Manifestaciones, una carga policial y la creación de una entidad no lograron impedir la separación

Foto archivo: ano 1999
| Nueve años desde el conflicto del sector
Hace unos cincuenta años, la actividad percebeira tomó fuerza como recurso económico entre los pescadores del Ortegal, siendo los cedeireses los que se dedicaron con mayor intensidad a la captura del crustáceo. Con el tiempo, se incrementó el volumen diario de capturas, se multiplicó la presencia de compradores en las lonjas que, pujando por los lotes de marisco, convirtieron al percebe en el preciado producto que es hoy en día.

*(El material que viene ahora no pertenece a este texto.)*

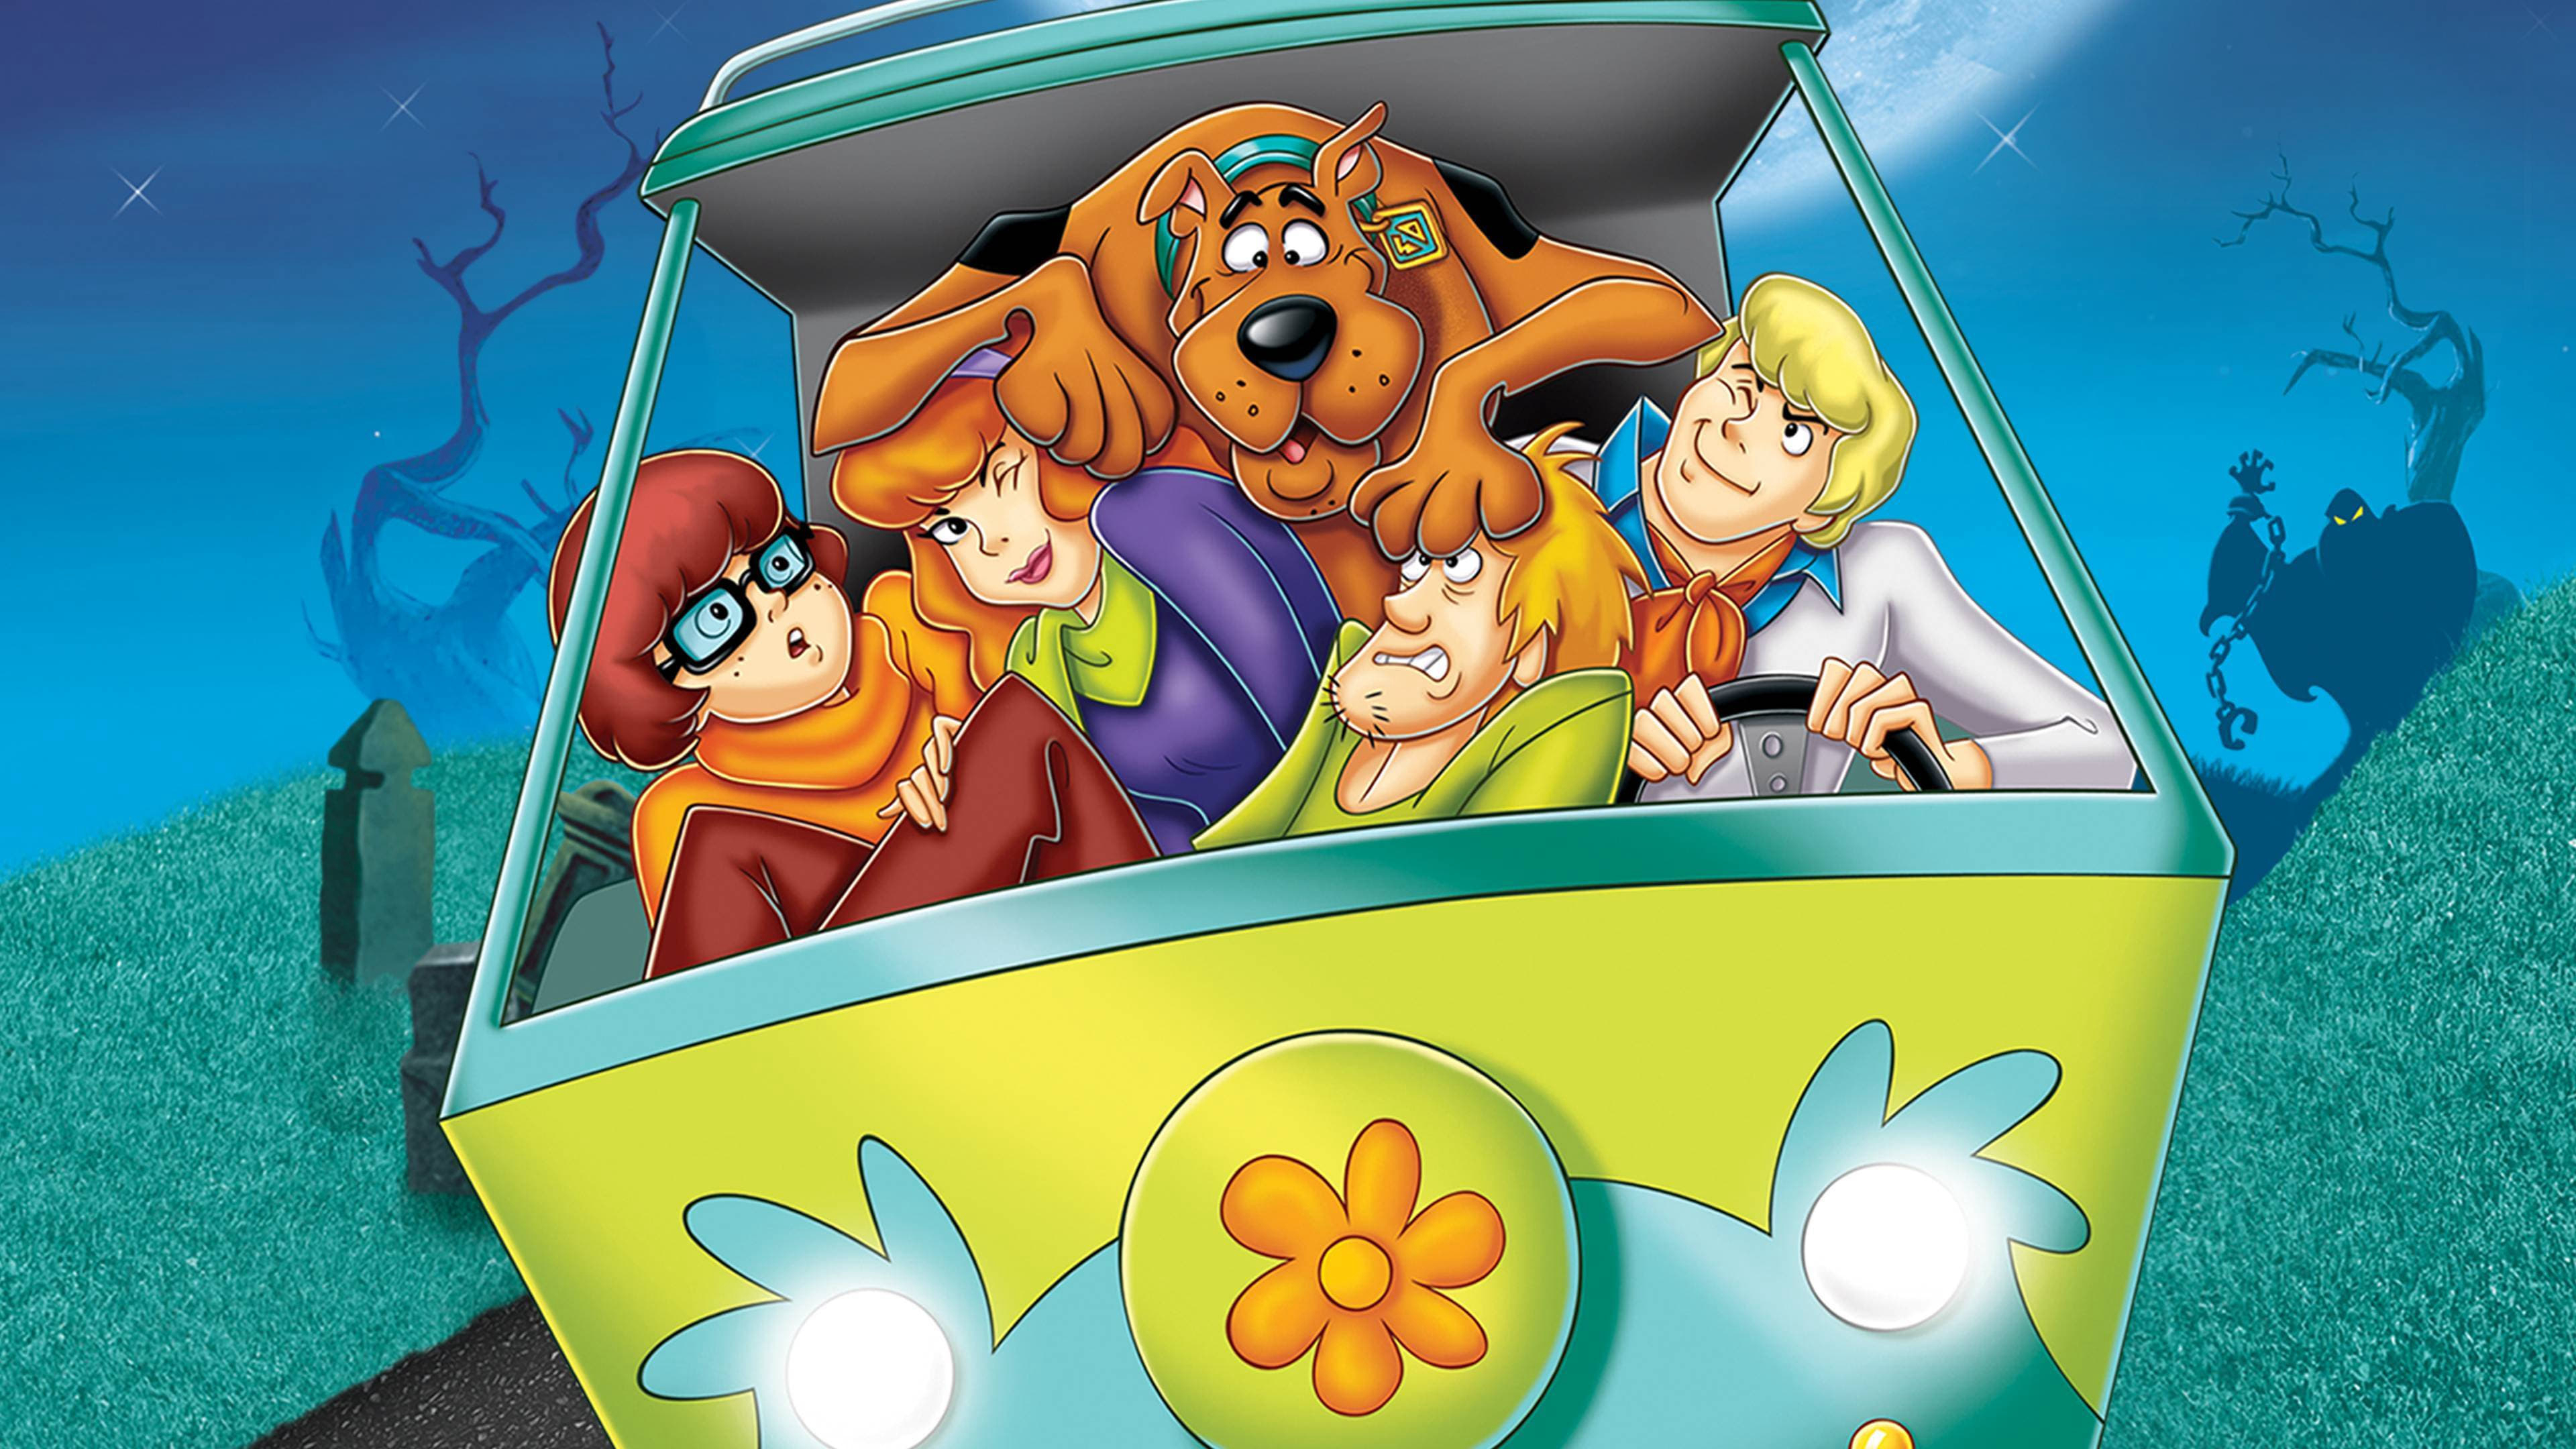 Scooby-Doo, Where Are You! (Phần 2) - Scooby-Doo, Where Are You! (Season 2)

Hasta finales de 1998, los profesionales de la denominada zona octava, que se extendía desde Cedeira a O Barqueiro, podían faenar libremente en cualquier punto del Ortegal, sin importar a qué demarcación perteneciesen los bancos de marisco.
El mayor conflicto que ha tenido hasta la fecha el sector se gestó con la presentación, y posterior aprobación, de un plan de explotación individual para la cofradía de Cariño. Dentro de la demarcación cariñesa se quedaron las zonas más privilegiadas, que son los acantilados del cabo Ortegal y Os Aguillóns, donde la altura de las rocas protege del oleaje.
Los restantes pósitos afectados, Cedeira, Espasante y O Barqueiro, se movilizaron, siendo el pósito cedeirés el que más se implicó en la lucha.
Protestaron mediante parones laborales, manifestaciones, acciones judiciales y la creación de la Asociación de Afectados en Cedeira por o Reparto da Costa. Pero el capítulo que marcó un punto de inflexión fue la carga policial que puso fin a una presunta captura ilegal de percebes en Cariño.
La falta de acuerdo entre los pósitos del Ortegal llevó a la Consellería de Pesca a dividir la zona octava en cuatro demarcaciones.